Graduate students at the University of Guelph’s Ontario Veterinary College (OVC) are exploring, studying and advancing knowledge in One Health, veterinary and human health-related sciences.

Across OVC’s four academic departments, these students are exploring translational and comparative research in fields including cancer, cardiovascular disease and neuroscience, infectious diseases and immunology, epidemiology and public health, animal health management and welfare, antimicrobial resistance and stewardship, stem cell biology and regenerative medicine, and reproductive biology.

We’re highlighting graduate student work at OVC. Read on to learn more.

Alexandra Beaulieu, DVSc Student, Department of Clinical Studies 

How did you find out about Clinical Studies graduate programs, and what made you want to complete your DVSc at the OVC? 

I was introduced to the Clinical Studies graduate programs and Doctor of Veterinary Science (DVSc) degree in 2016, when I initially applied to complete my residency in Diagnostic Imaging at the Ontario Veterinary College (OVC). I then met my mentor Dr. Alex zur Linden, Associate Professor in Diagnostic Imaging from OVC’s Department of Clinical Studies. His passion for research and teaching combined with the innovative nature of the project captured my interest. 

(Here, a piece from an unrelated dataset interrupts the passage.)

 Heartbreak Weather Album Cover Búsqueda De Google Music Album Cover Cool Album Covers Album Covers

What is the main focus of your research? 

The focus of my research was to implement simulation-based medical education in veterinary medicine to teach ultrasound-guided injections of the equine cervical articular process joints. Articular process joints are paired joints uniting adjacent vertebrae in the cervical, thoracic and lumbar spine. 

The first objective of the project was to compare the visual (qualitative) ultrasonographic characteristics of 3D printed models of an equine cervical articular process joint to that of a dissected equine cervical spine. 

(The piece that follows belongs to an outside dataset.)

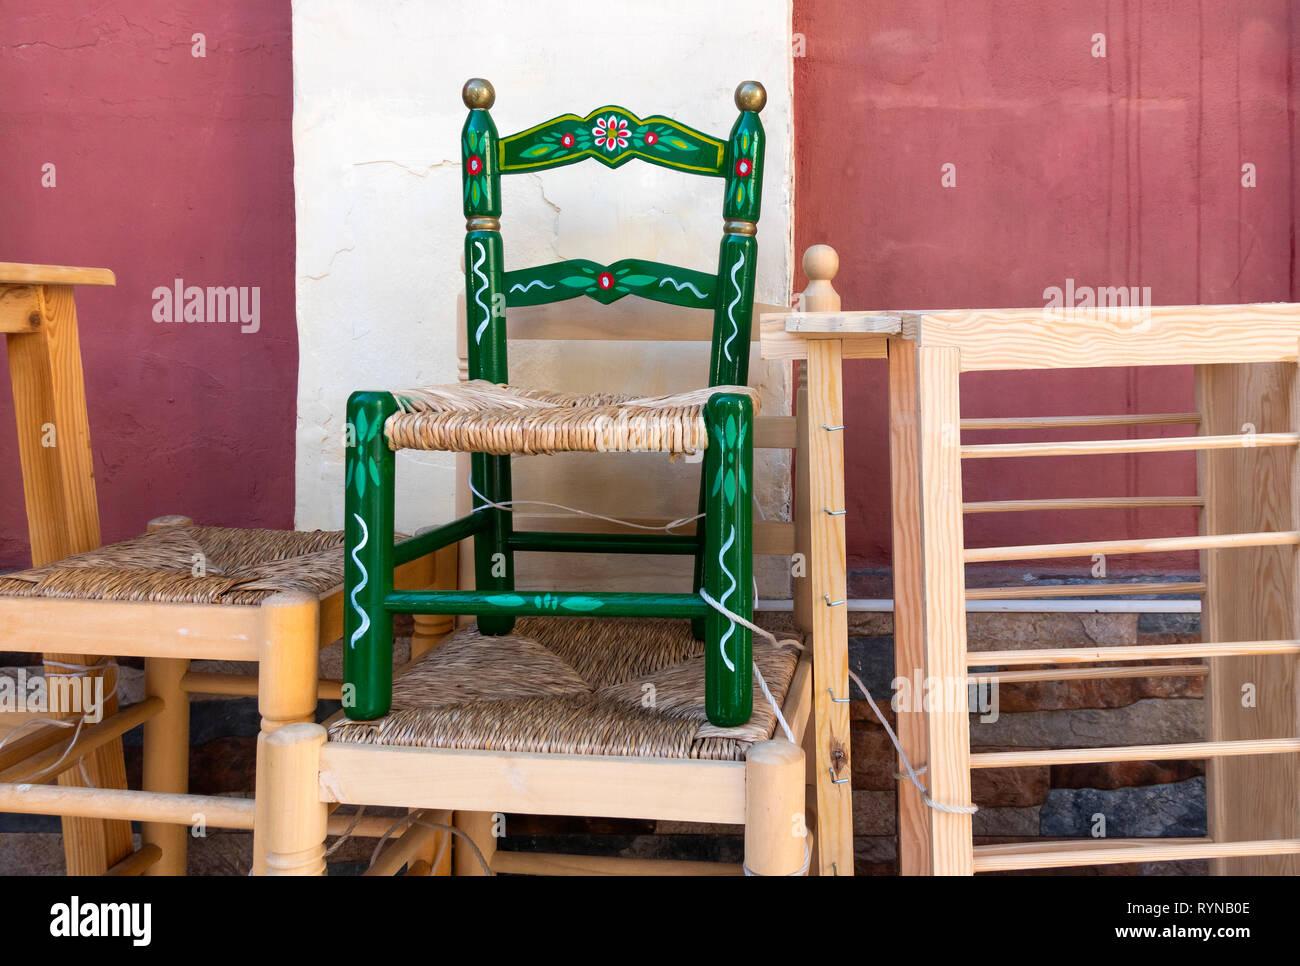 Una sedia a mano per un bambino al furniture makers a Siviglia, Spagna Immagini Stock

The second objective was to develop, build and validate a 3D printed model of an equine cervical articular process joint embedded in ballistic gelatin (a dense gelatin which simulates the soft tissues surrounding the bones) to teach ultrasound-guided intra-articular injections, injections delivered to treat conditions such as osteoarthritis.   

What is an anatomical 3D printed equine joint model, and why is it useful for training of ultrasound-guided injections? 

In brief, 3D printing is a prototyping process where a real object is created from a 3D design. For my research project, we replicated the cervical articular process joint of a horse by using computed tomographic (CT) images of an equine neck. With the help of John Phillips from the Interdisciplinary Design Laboratory at the University of Guelph College of Arts, we transformed 2D CT scan images into 3D models. Following 3D printing, the models were assembled and embedded using ballistic gelatin. 

Simulation-based medical education using 3D printed models for teaching purposes is an ethical and effective approach in healthcare education that helps to develop cognitive and technical skills and allows students to practice precise needle placement required in ultrasound-guided injections. 

Why is this research important to you? Why are you passionate about this field of study? 

It is remarkable to be able to create a teaching tool that simultaneously provides an environment that closely approximates the characteristics of a clinical situation, mimics the visuospatial and real-time aspects of a procedure, provides realistic tactile feedback, and allows an objective assessment of the performance under study. 

Why is there a need for this research? 

While the efficacy of intra-articular injections of glucocorticoids to treat osteoarthritis of the equine cervical articular process joints is well recognized, this invasive procedure is not without risks. It is therefore essential that equine veterinarians receive training to practice and refine this technique to minimize risks for complications during the procedure.  

Considering the proven benefits of simulation-based medical education, the development and validation of an equine cervical articular process joint model to teach ultrasound-guided injections and treat horses suffering from cervical osteoarthritis was lacking in the current literature. 

In plain language, how would you describe the benefits of your research?  

We hope this new simulation-based training model will provide fourth-year veterinary students, equine practitioners, and veterinary specialists the opportunity to develop and improve their skills and confidence to perform cervical ultrasound-guided articular process joint injections while minimizing procedural complications and ensuring quality care for patients. 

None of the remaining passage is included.